Emotional intelligence begins with self-awareness and the recognition that we are unique in our personalities, preferences, and styles. This diversity in personality types is one of the things that makes relationships incredibly complex.

Though there are myriad personality assessments available and many organizations take advantage of them to understand team dynamics, it's also important not to label someone and make assumptions based on their personality type.

Some systems, such as CliftonStrengths and the VIA assessment, focus on individuals' strengths. With knowledge of the interests and skills of various team members, a diverse team could take advantage of catering to each member's preferences.
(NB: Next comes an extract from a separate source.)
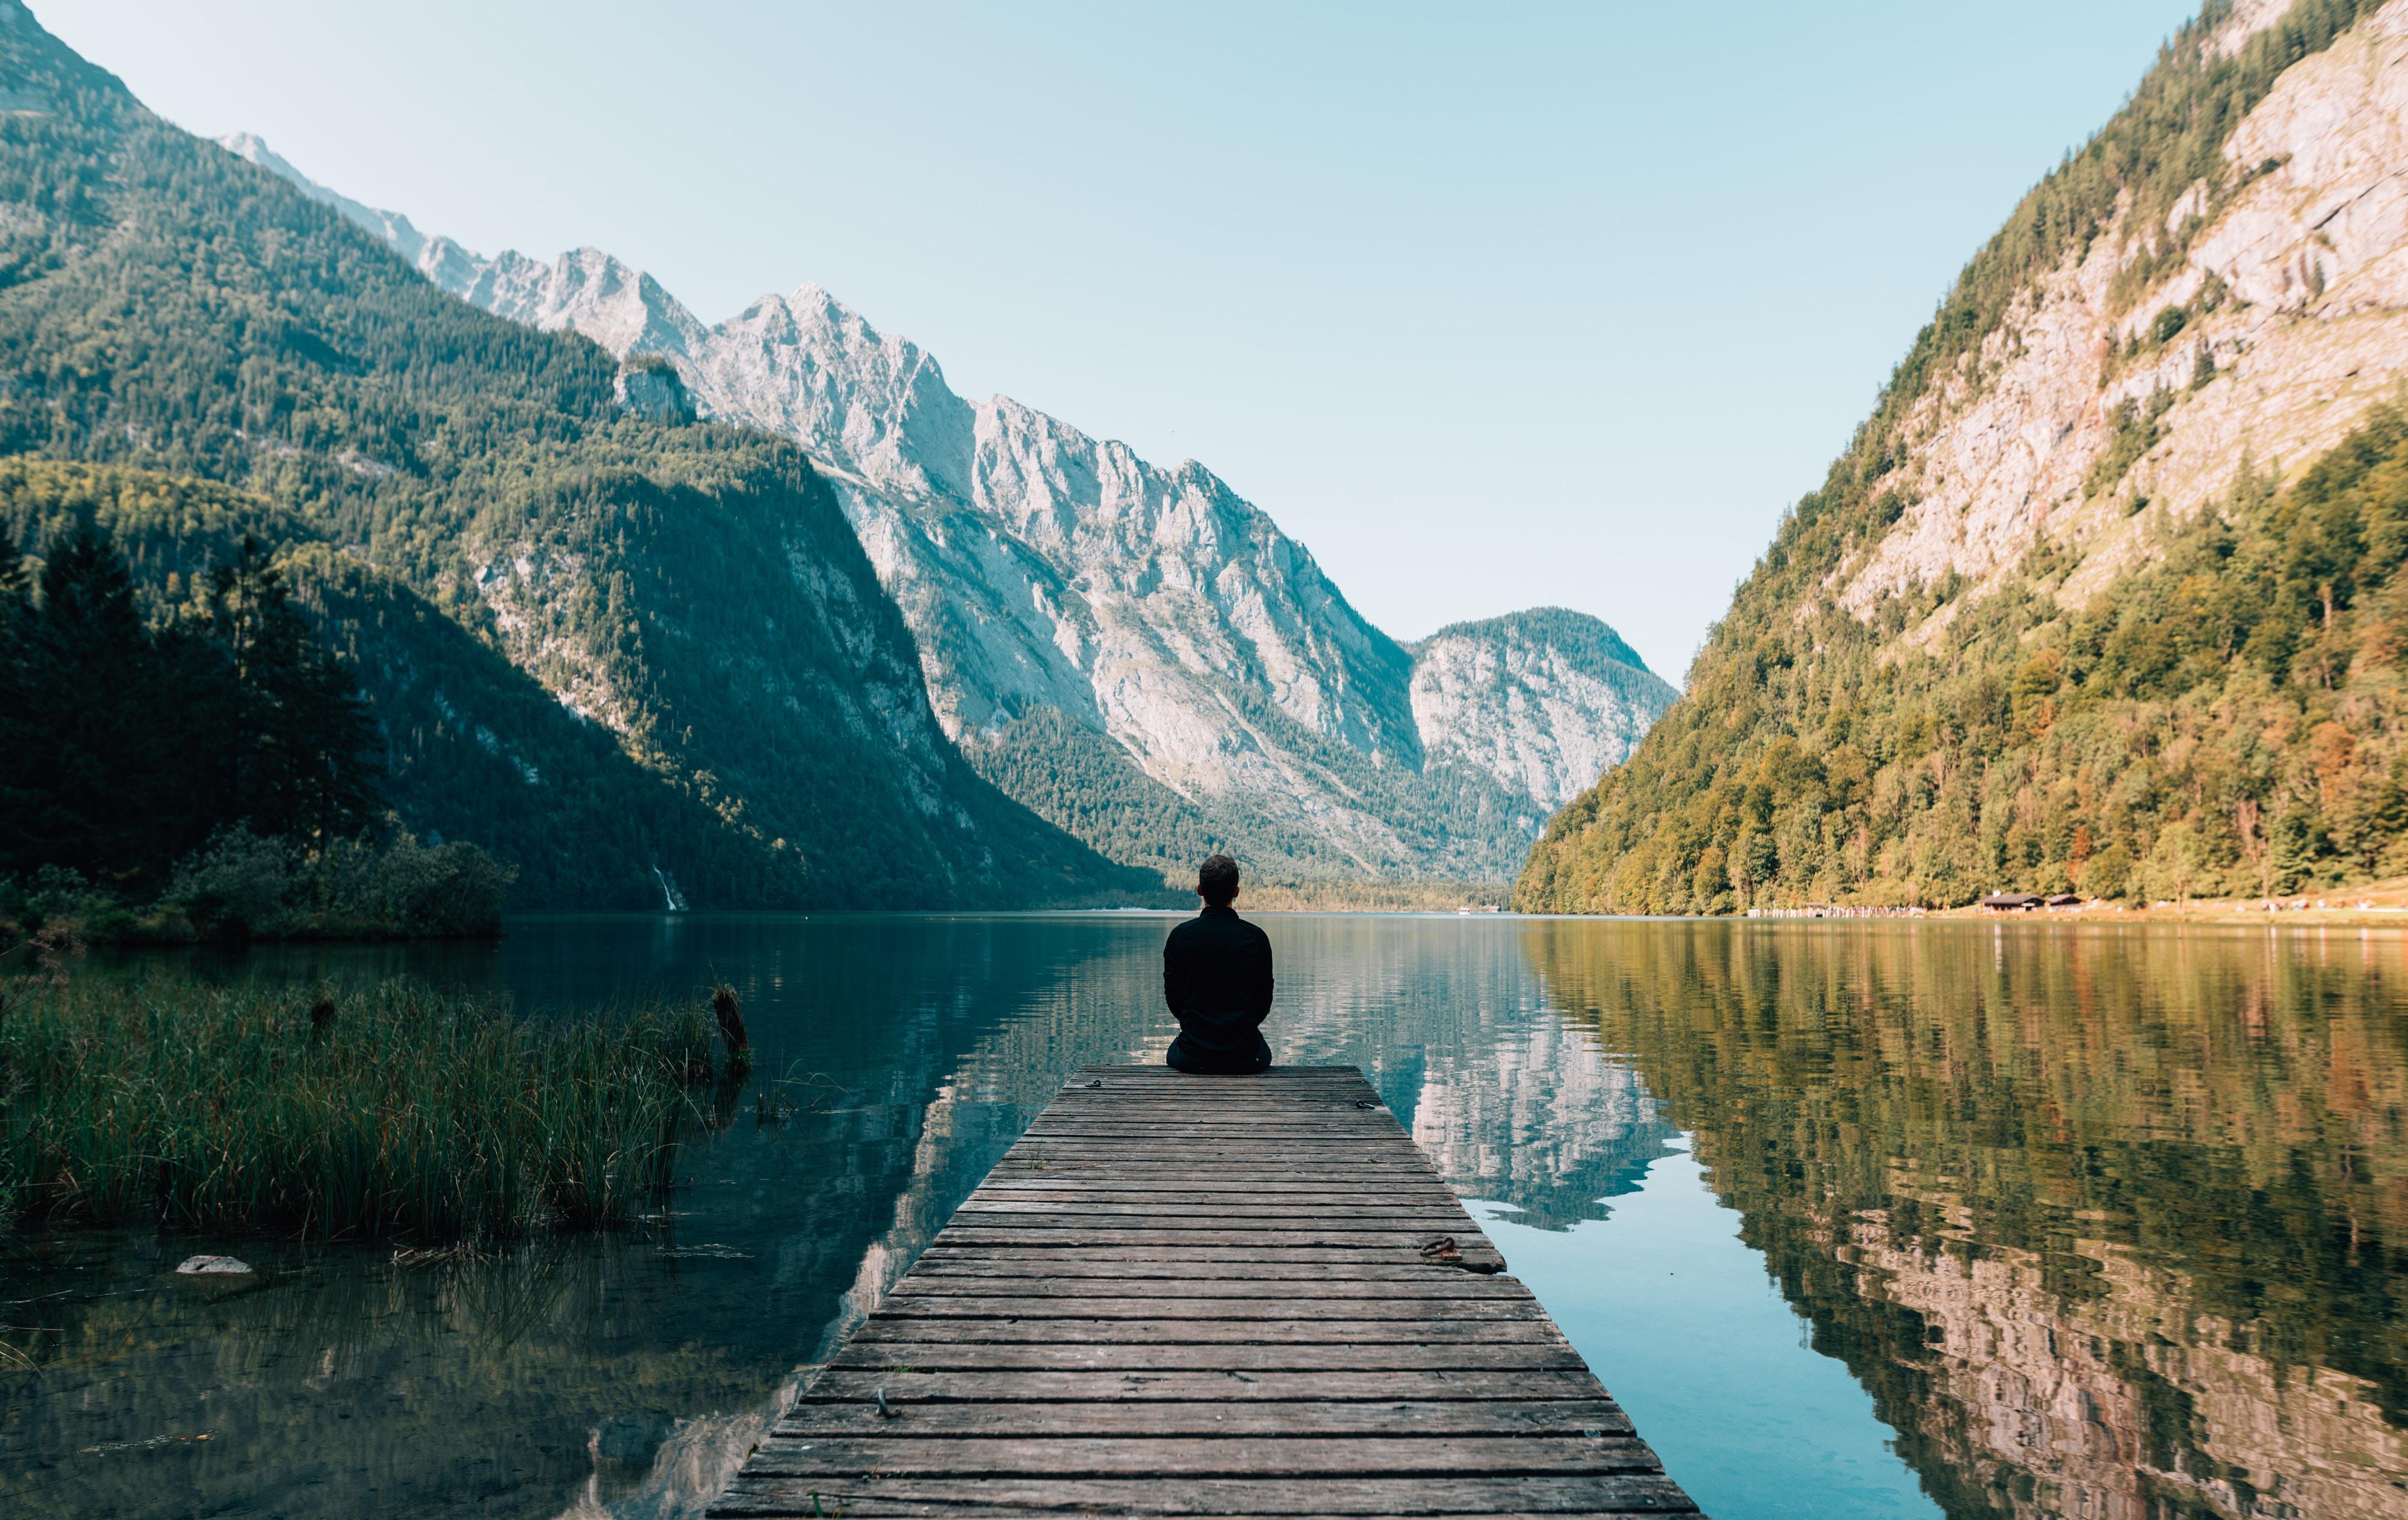 simon migaj 421505 unsplash - Gratitude Practice II

Rather than everyone doing the same tasks, have an analytical team member crunch the numbers and the extravert do the presentation.
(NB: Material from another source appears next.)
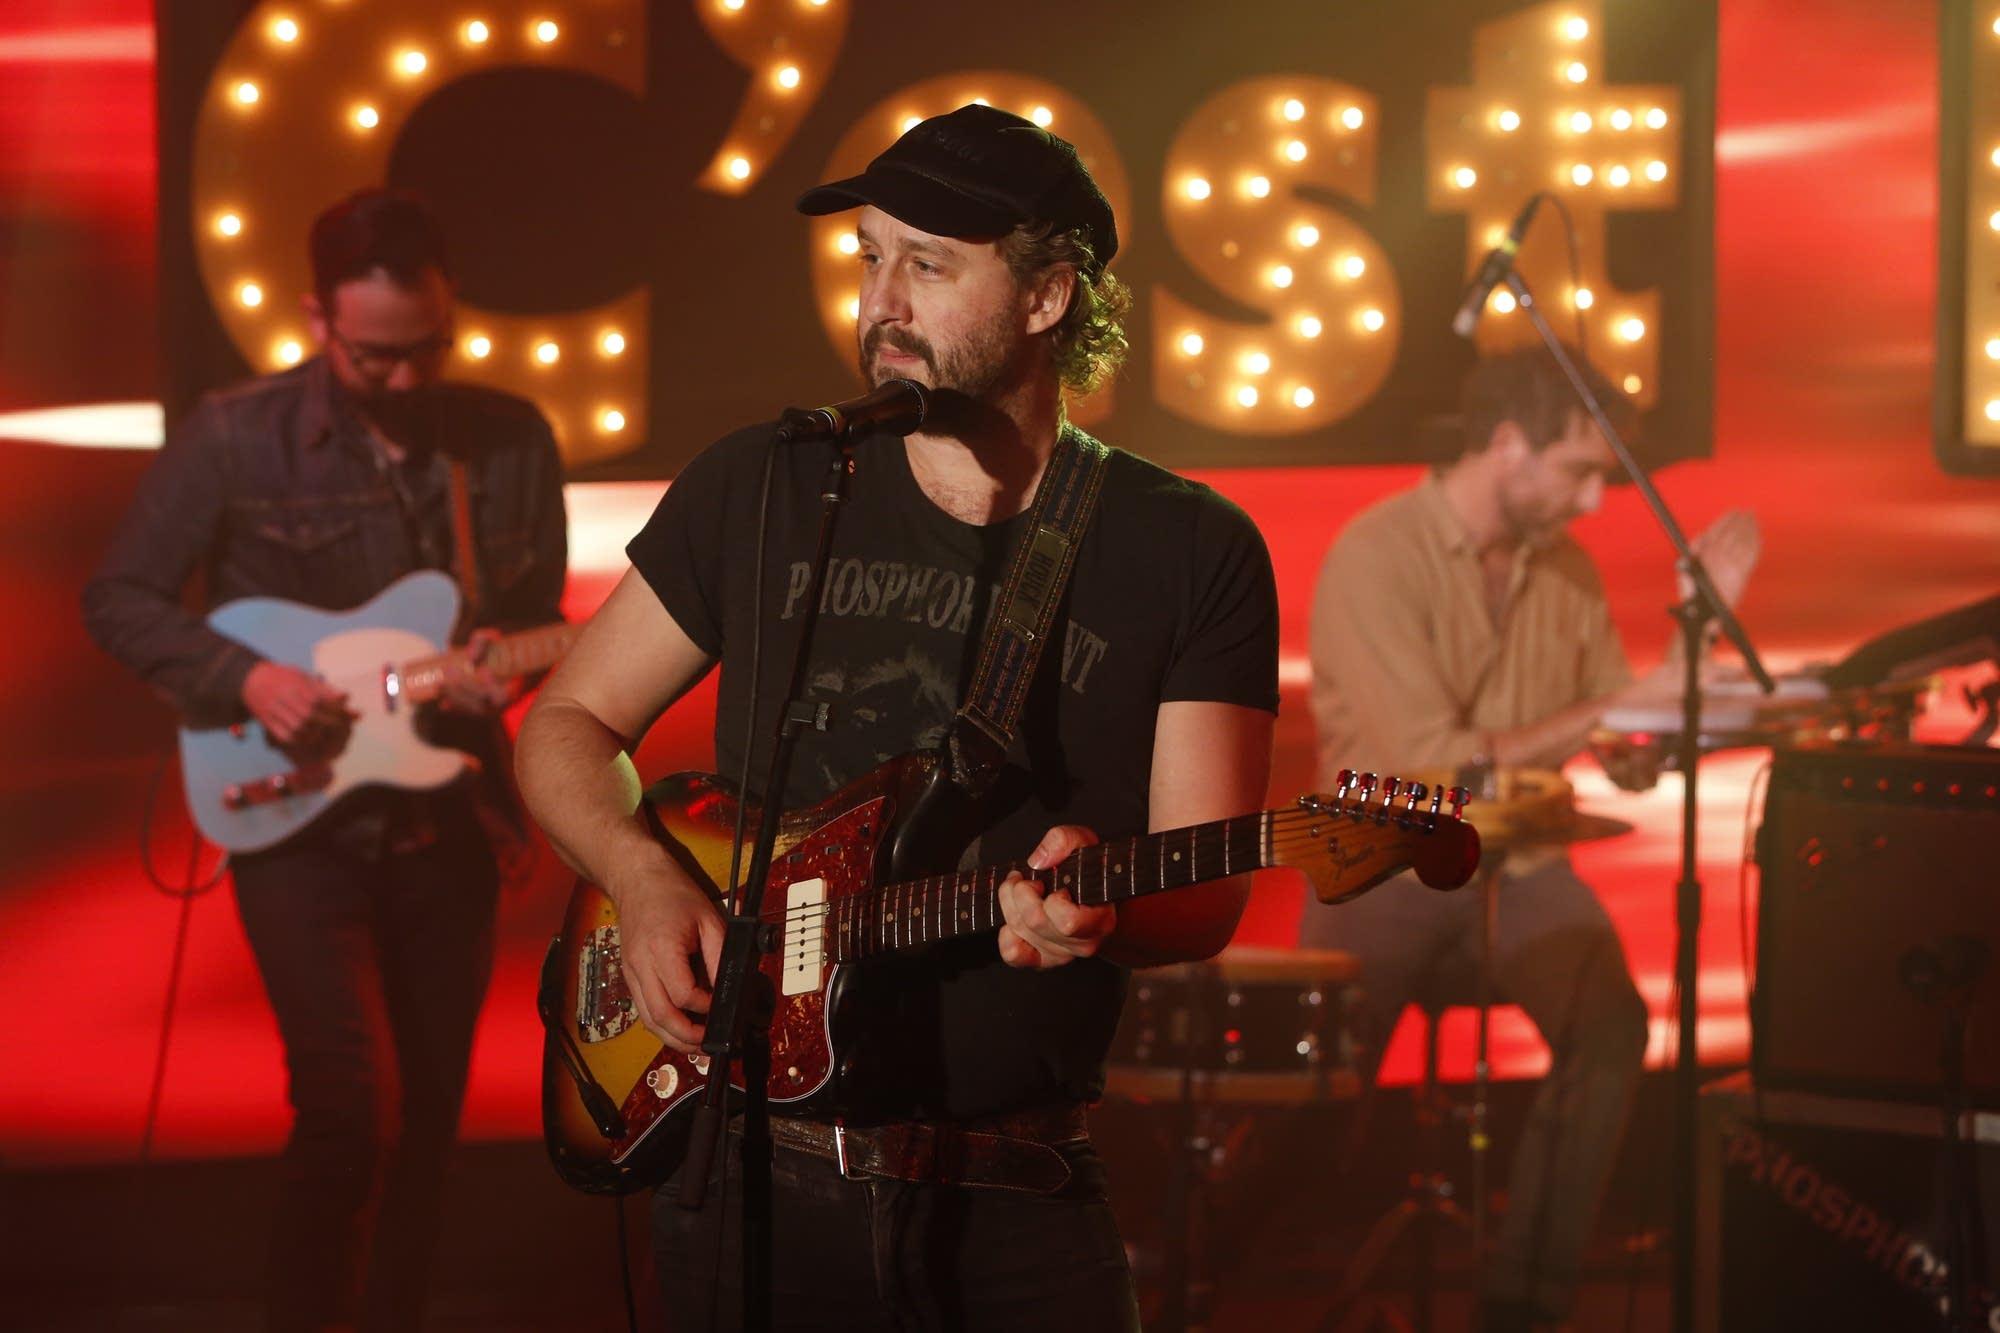 Music on TV this week: Phosphorescent

Be careful, though, to allow for growth opportunities for employees who want to build skills they may not have a natural inclination for. When a team openly discusses preferences, it's easier for that team to cater to each member's strengths and preferences.

When there are conflicts, the key, once again, is active listening and communication. Be available regularly to talk to employees about their work. Observe their body language and tone of voice when describing the ups and downs of their tasks. Help them discover their passions. When are they in the zone and operating at their best?

Building a culture of trust both at work and at home

As a leader, when you foster communication and relationship skills, you create a culture in which there is acceptance, support, and collaboration. If you are transparent and lead from your heart, your team members will see you as a respected leader who is helping them gain transformational skills that will help them in both their professional and their personal lives.

Using agile frameworks such as Scrum in people's personal lives is becoming more common. Understanding and adapting agile principles to your personal life can greatly improve your relationships. Recognizing that you need to put down your cellphone and pay attention to the people in front of you is a perfect example of the manifesto's first value state: People need to come first.

As employees learn effective communication and relationship skills, they soon find that not only are their teams stronger, but their personal relationships are stronger as well.

Next steps

Meet with your team and gather their thoughts on these topics. Listen with curiosity, provide a safe space for them to speak freely, and talk about their strengths. Work with each team member to provide a development plan for career growth. Support the team members, helping them learn from failures and celebrate successes.

Adopting an agile mindset means honoring relationships, valuing change and growth, experimenting and collaborating, and celebrating our differences. These mindset shifts are instrumental in strengthening relationships and your wellness and happiness both at work and at home.